We follow the notations and conventions of Refs.~\cite{Lian:1989cy,Polchinski:rq} (These references occasionally use different conventions; in this case, the conventions of Ref.~\cite{Polchinski:rq} supersede the ones of Ref.~\cite{Lian:1989cy}.) The basic (anti-)commutation relations are
\be
%
[ \alpha^{\mu}_{m}, \alpha^{\nu}_{n} ] = m \delta_{m+n} \, \eta^{\mu\nu},
\qquad
\{ \psi^{\mu}_{r}, \psi^{\nu}_{s} \} = \delta_{r+s} \, \eta^{\mu\nu},
%
\ee
\be
%
\{ b_m, c_n \} = \delta_{m+n},
\qquad
[\gam{r}, \bet{s}] = \delta_{r+s},
%
\ee
and $\delta_m = \delta_{m,0}$.
%Here, $m,n$ are integers and $r,s$ are half-integers (integers) in the NS (R) sector. 

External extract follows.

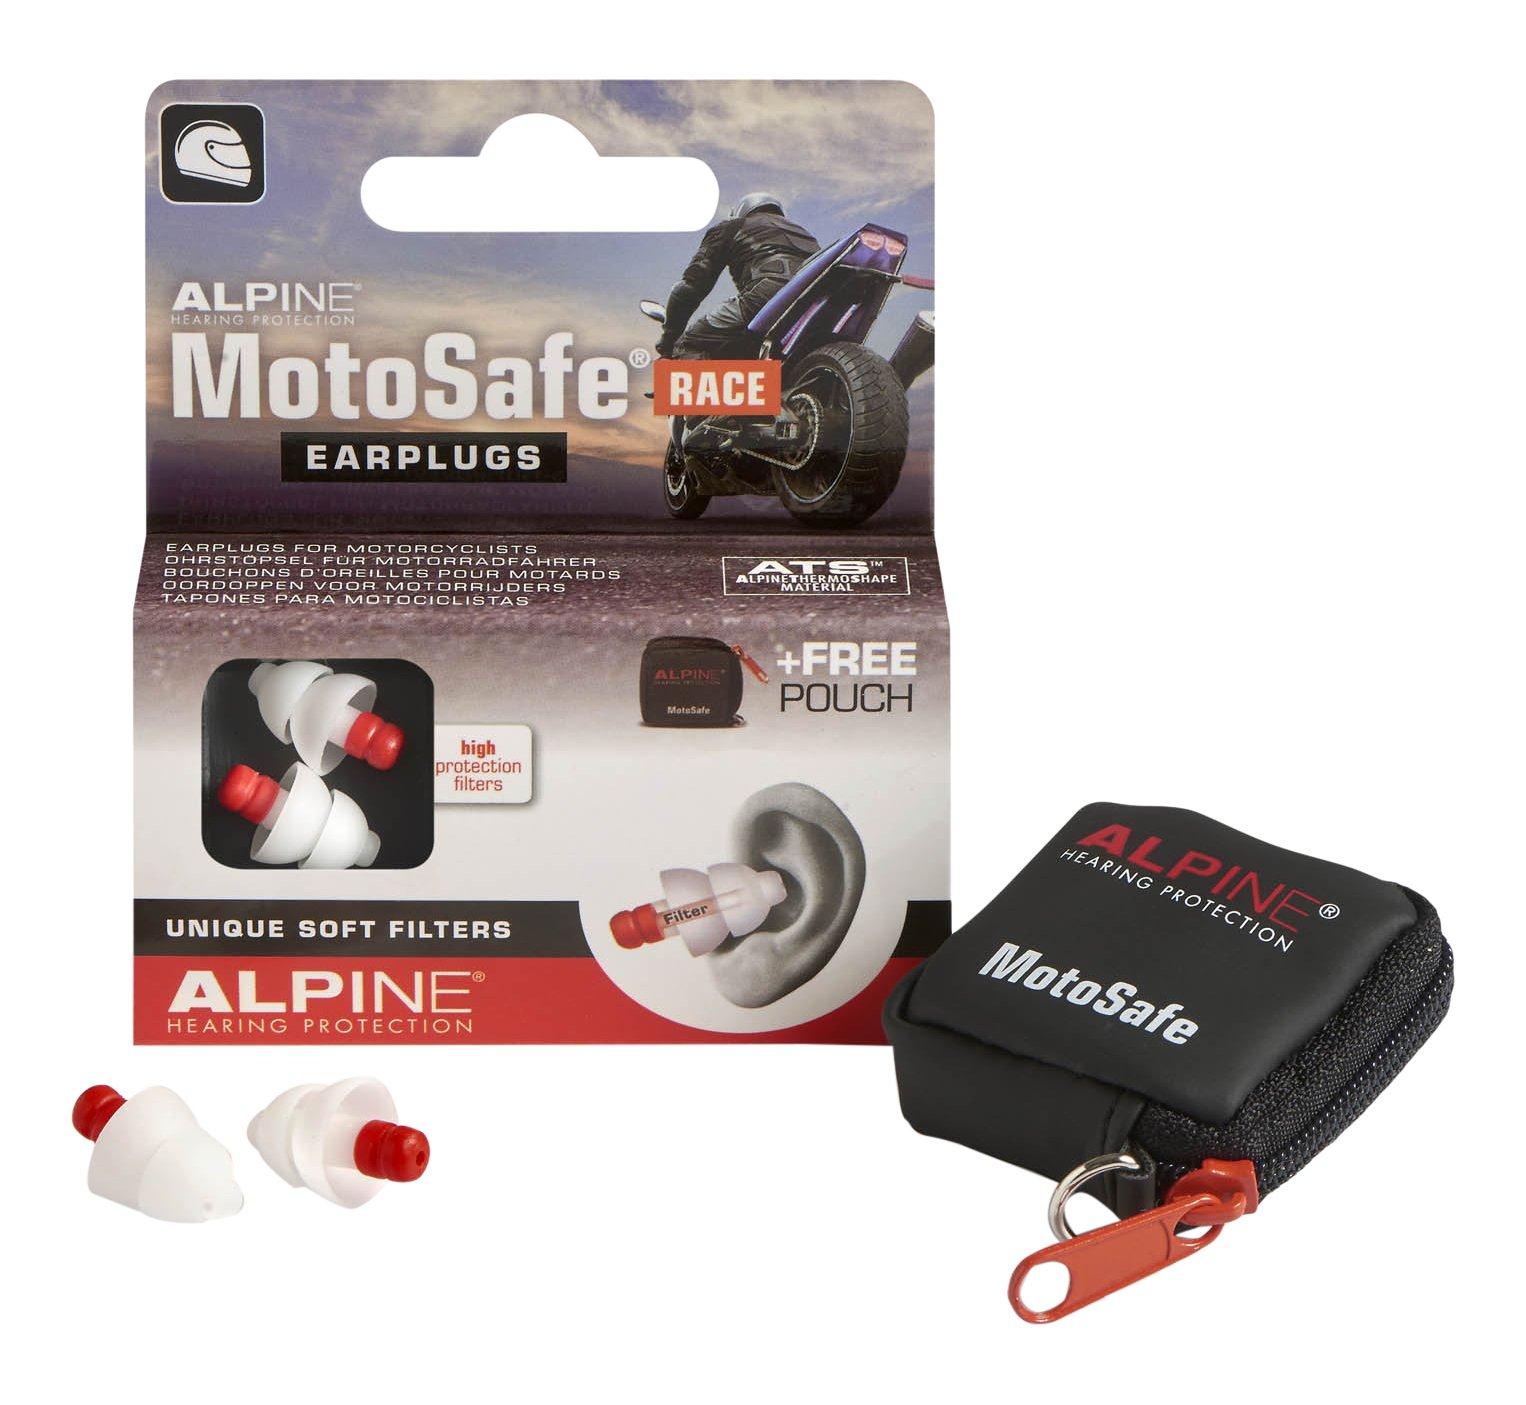 Alpine Hearing Protection Earplugs Motosafe, Race

The super-Virasoro algebra is given by
\bea
%
[L_{m}, L_{n}] &=& (m-n) L_{m+n} + \frac{\hc}{8} (m^3-m) \delta_{m+n}, \\
\{G_{r}, G_{s}\} &=& 2 L_{r+s} + \frac{\hc}{8} (4r^2-1) \delta_{r+s}, \\
\protect
[L_{m}, G_r] &=& \frac{m-2r}{2} G_{m+r},
%
\eea
where $ \hc = 2c/3 $.

The $d=1$ matter part of the super-Virasoro generators are given by
\bea
%
\Lm{m} &=& -\frac{1}{2} \sum_{n \in {\bf Z}}
                \nor \alpha^{0}_{m-n} \alpha^{0}_{n} \nor
                 - \frac{1}{4} \sum_{r \in {\bf Z}+\nu} (2r-m)
                \nor \psi^{0}_{m-r} \psi^{0}_{r} \nor 
                + \am \delta_m, \\
\Gm{r} &=& - \sum_{n \in {\bf Z}} \alpha^{0}_{n}\psi^{0}_{r-n},
\eea
where $\am = 0 ({\rm NS}), 1/16 ({\rm R})$ and $ \nu = 1/2 ({\rm NS}), 0 ({\rm R}) $. $ \alpha^{0}_{0} = \sqrt{2\alpha'} k^{0} $. The superconformal ghost part is given by
\bea
%
\Lg{m} &=& \sum_{n \in {\bf Z}} (m+n) \nor b_{m-n} c_{n} \nor 
				+ \sum_{r \in {\bf Z}+\nu} \frac{1}{2} (m+2r) 
				\nor \bet{m-r} \gam{r} \nor 
				+ \ag \delta_{m}, \\
\Gg{r} &=& - \sum_{n \in {\bf Z}} 
\{ \frac{1}{2} (2r+n) \bet{r-n}c_n + 2 b_n \gam{r-n} \},
%
\eea
where $\ag = -1/2 ({\rm NS}), -5/8 ({\rm R})$.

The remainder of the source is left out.